Par contre, la PALABRE est « une discussion interminable et oiseuse »…

J’ai passé les trois derniers mois à lire et à fouiller les livres qui traitent de la DEMOCRATIE, et je n’ai pas réussi à trouver quelque part, un rapport quelconque  direct entre Démocratie et Dialogue, ou Démocratie et Palabre !
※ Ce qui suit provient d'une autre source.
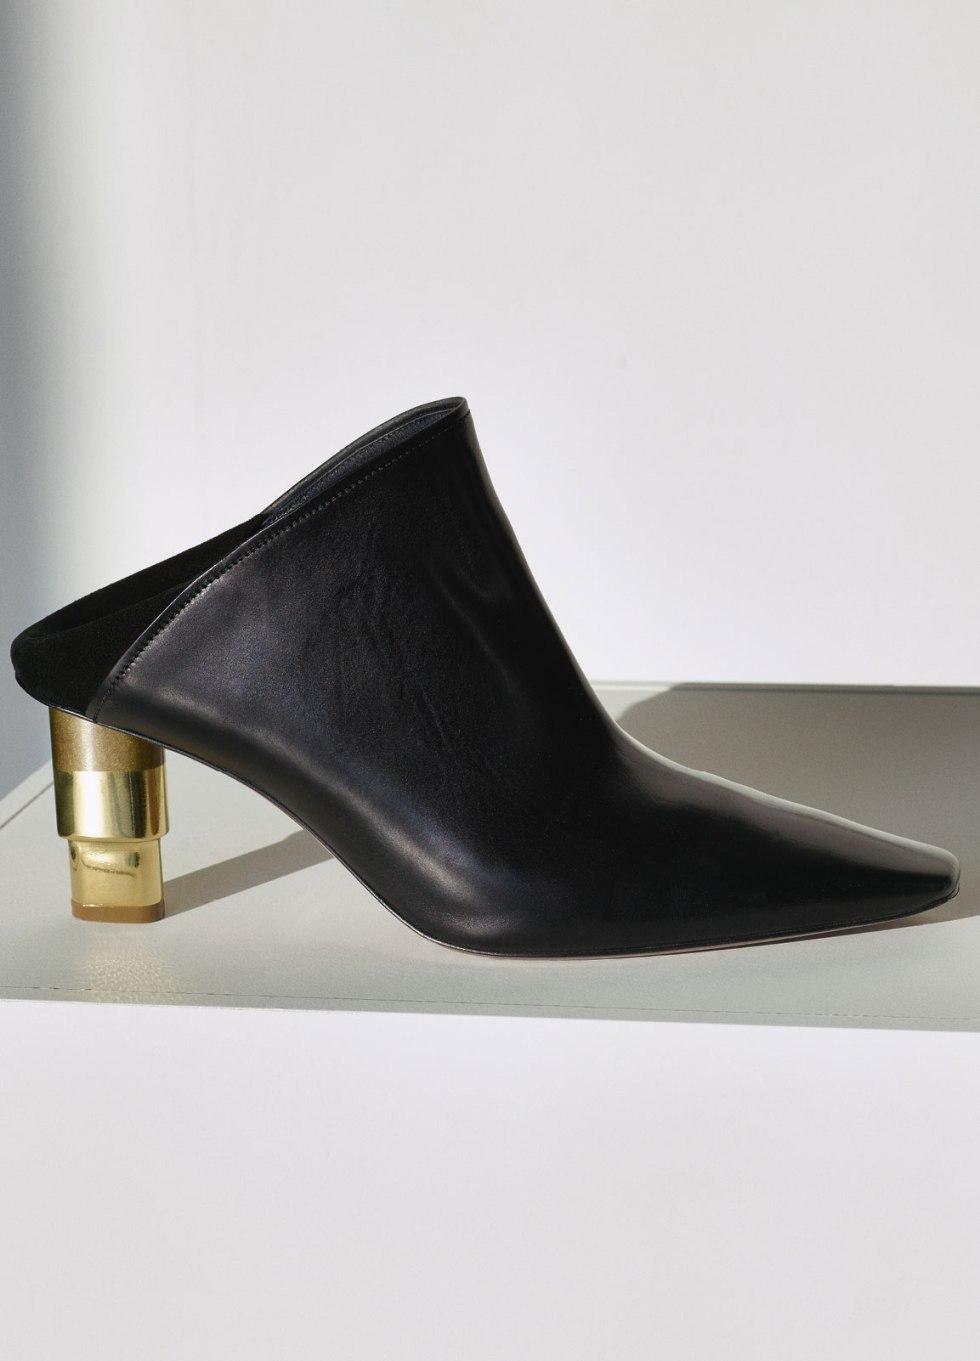 celine-mule-candle-heel-shoes

Au Togo, depuis des années on ne parle que de dialogues, encore de dialogues et toujours de dialogues ! Certains ont même inventé le terme de « dialogue franc et sincère» ou de « dialogue inclusif ». Si mes calculs sont exacts, nous avons eu, au total, plus de 24 dialogues !

Depuis les législatives de 2007, il y a eu des Cadres Permanents de Dialogues et de Concertation (CPDC), où toute la classe politique du pays devait venir exposer ses griefs et ses préoccupations ! CPDC1, CPDC2, CPDC3, CPDC4… Mieux ou pire, les togolais ont eu et veulent avoir recours à des « Facilitateurs », de préférence Mossi, Zoulou, Tutsi ou Bantou… J’ai cherché aussi longuement,  dans les livres qui traitent de la notion de démocratie, et je n’ai pas trouvé cette recette de « Facilitateur » !

Par contre, dans tous les livres que j’ai consultés, seules les notions et les termes de LOI FONDAMENTALE (Constitution), d’ELECTIONS, de PARLEMENT, de CODE ELECTORAL, de MAJORITE et de MINORITE, de POUVOIR (Exécutif, Judiciaire, Législatif), sont pris en compte !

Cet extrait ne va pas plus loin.